As discussed in ASC 840-40-25-2, lessees classify the leaseback of the asset as either an operating or a capital lease. As such, lessees in sale-leaseback transactions apply the presentation and disclosure guidance applicable to the classification of the leaseback, either for an operating or capital lease, addressed in FSP 14.3.2A and FSP 14.3.3A, respectively.

14.3.4.1A Presentation (ASC 840)

A sale-leaseback transaction typically results in the seller-lessee deferring gains (or losses eligible for deferral). According to ASC 840-40-25-3, the presentation of the deferred gain (or loss) on the balance sheet depends on whether the lessee classifies the leaseback as a capital lease or as an operating lease.
When the leaseback is classified as a capital lease, the lessee would normally offset the deferred gain (or loss) against (or add it to) the asset.
When the leaseback is classified as an operating lease, the lessee may present the current and noncurrent portions of the deferred gain (or loss) within current or noncurrent liabilities (or assets), as appropriate.

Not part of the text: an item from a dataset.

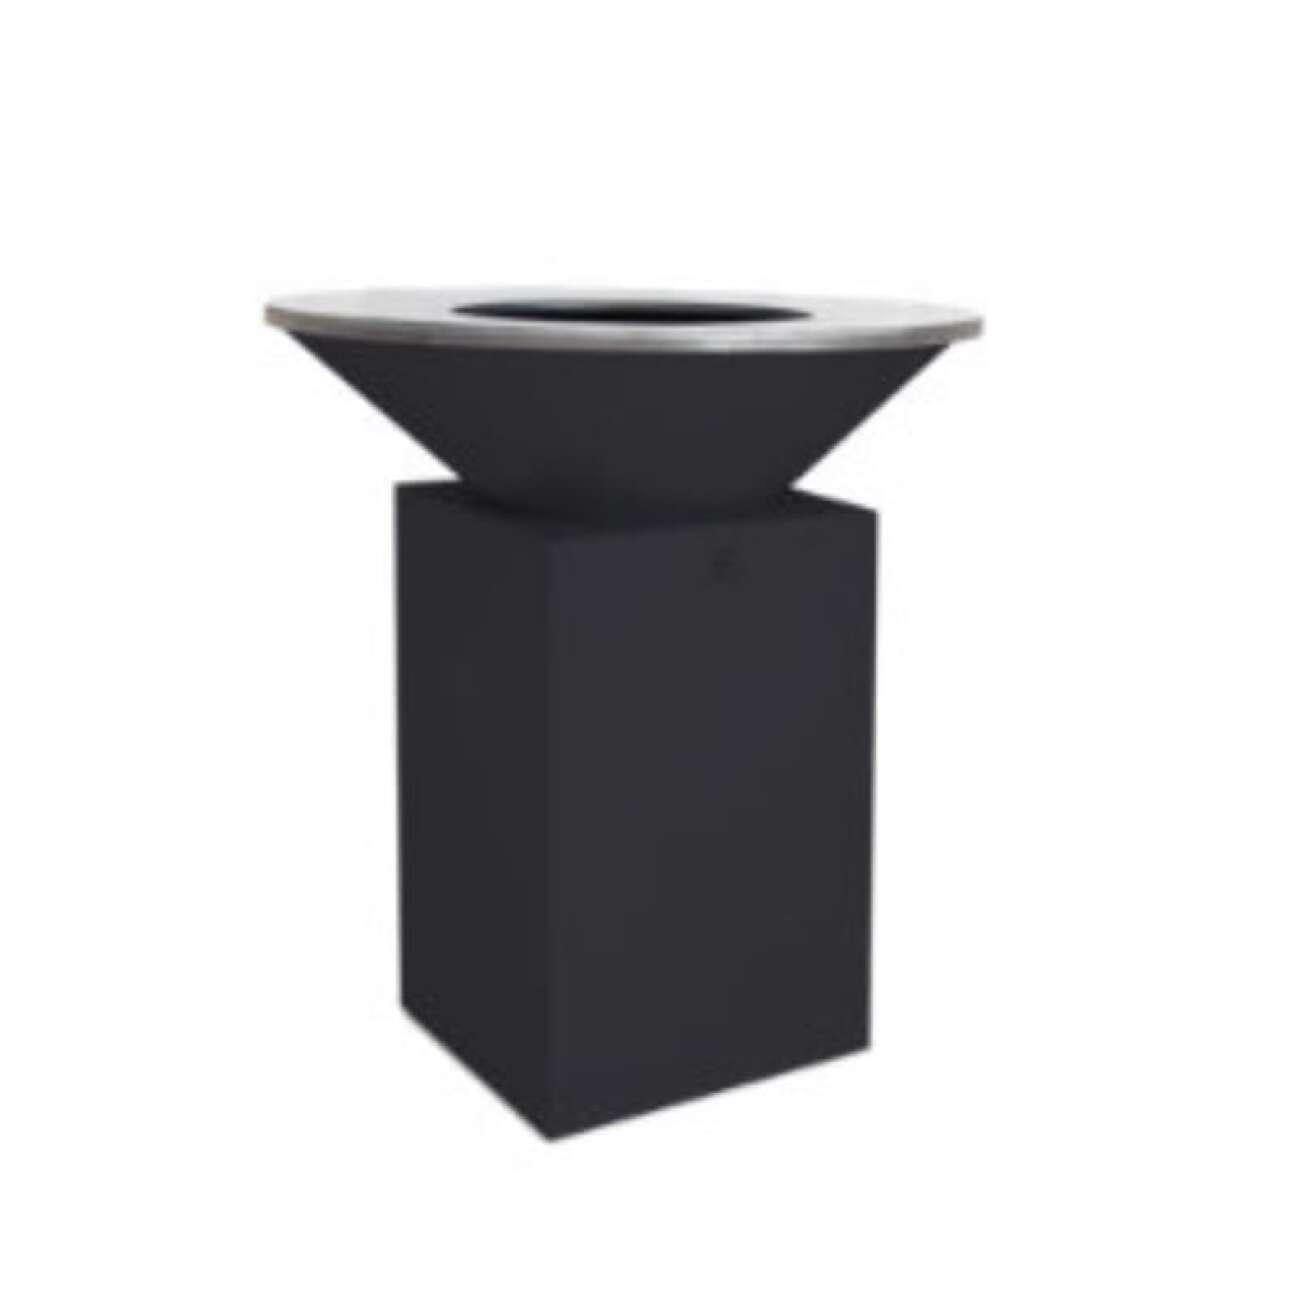 Ofyr Classic Black 85-100 Hagemøbler og utemøbler - Fine design

14.3.4.2A Presentation of “failed” sale-leasebacks (ASC 840)

Because of the strict accounting guidance applicable to the sale and leaseback of real estate (including integral equipment), these transactions frequently do not qualify for sales recognition. In these “failed” sale-leaseback transactions, the seller-lessee continues to reflect the asset it “sold” on its balance sheet as if it still legally owns the asset. The lessee would typically reflect the sale proceeds received from the buyer-lessor as a financing on its balance sheet, even though the lease might otherwise have been classified as an operating lease had the transaction qualified for sale treatment.

14.3.4.3A Disclosure of “failed” sale-leasebacks (ASC 840)

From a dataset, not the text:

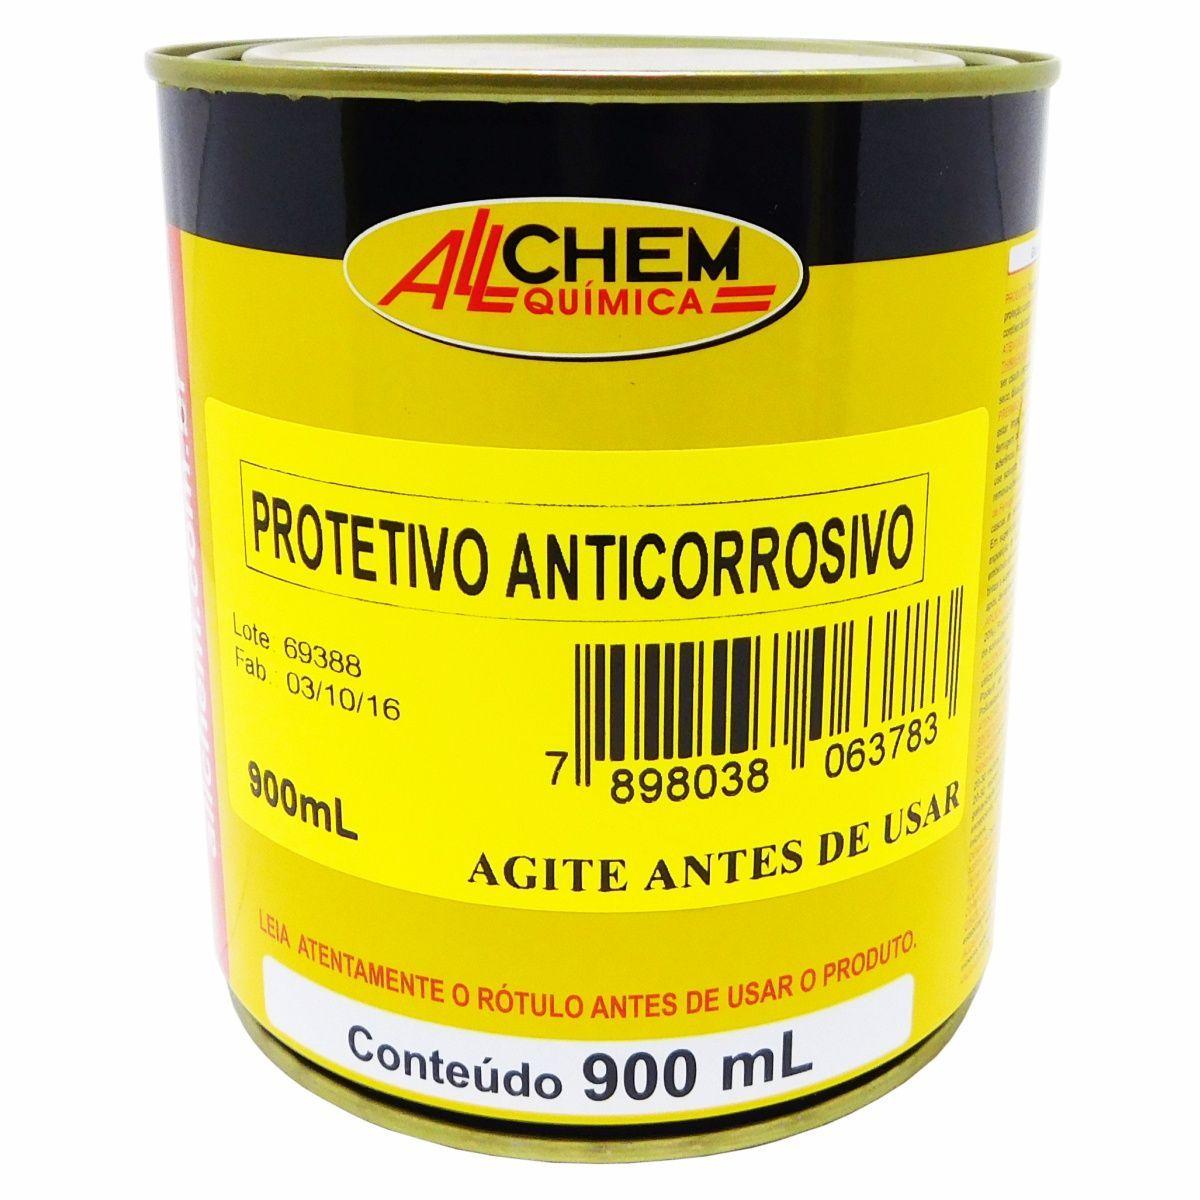 protetivo-anticorrosivo-allchem

In a failed sale-leaseback transaction, the seller-lessee should provide disclosures similar to any other financing obligation (see FSP 11 for discussion of disclosures related to various liabilities). Additionally, as discussed in ASC 840-40-50-1, the seller-lessee should describe the terms of the transaction, including future commitments and obligations that arise from the transaction and the circumstances that result in the seller-lessee’s continuing involvement with the “sold” asset. For example, if a seller-lessee did not account for a sale leaseback transaction as a sale because it has an option to repurchase the asset at its fair value at a future date, the lessee should disclose that provision as a form of continuing involvement with the asset.
In addition to the disclosures applicable for financing obligations discussed in FSP 12.12, under ASC 840-40-50-2, the seller-lessee in a failed sale-leaseback should continue to disclose the five-year data described in FSP 14.3.2.2A for operating leases. That is, the lessee should disclose the lease payments and any lease receipts on non-cancelable subleases associated with the failed sale-leaseback for each of the next five years and all periods thereafter, with a total.
The amounts in the financing and leasing disclosures will differ from how the lessee accounts for these cash payments. In a failed sale-leaseback transaction accounted for as a financing, for example, the lessee will recognize its cash payments as interest and principal payments, whereas the leasing disclosures focus on the gross cash flows.

14.3.5A Subleases (ASC 840)

Often, when a lessee subleases a leased property to a third party, the original lessee is not relieved of its primary obligation under the lease. In such transactions, the assets and liabilities related to the original lease should not be offset against assets and liabilities related to the sublease, unless the transactions qualify for right of offset under ASC 210-20. See FSP 14.3.2.2A and FSP 14.3.3.2A for disclosure requirements for subleases of operating leases and capital leases, respectively.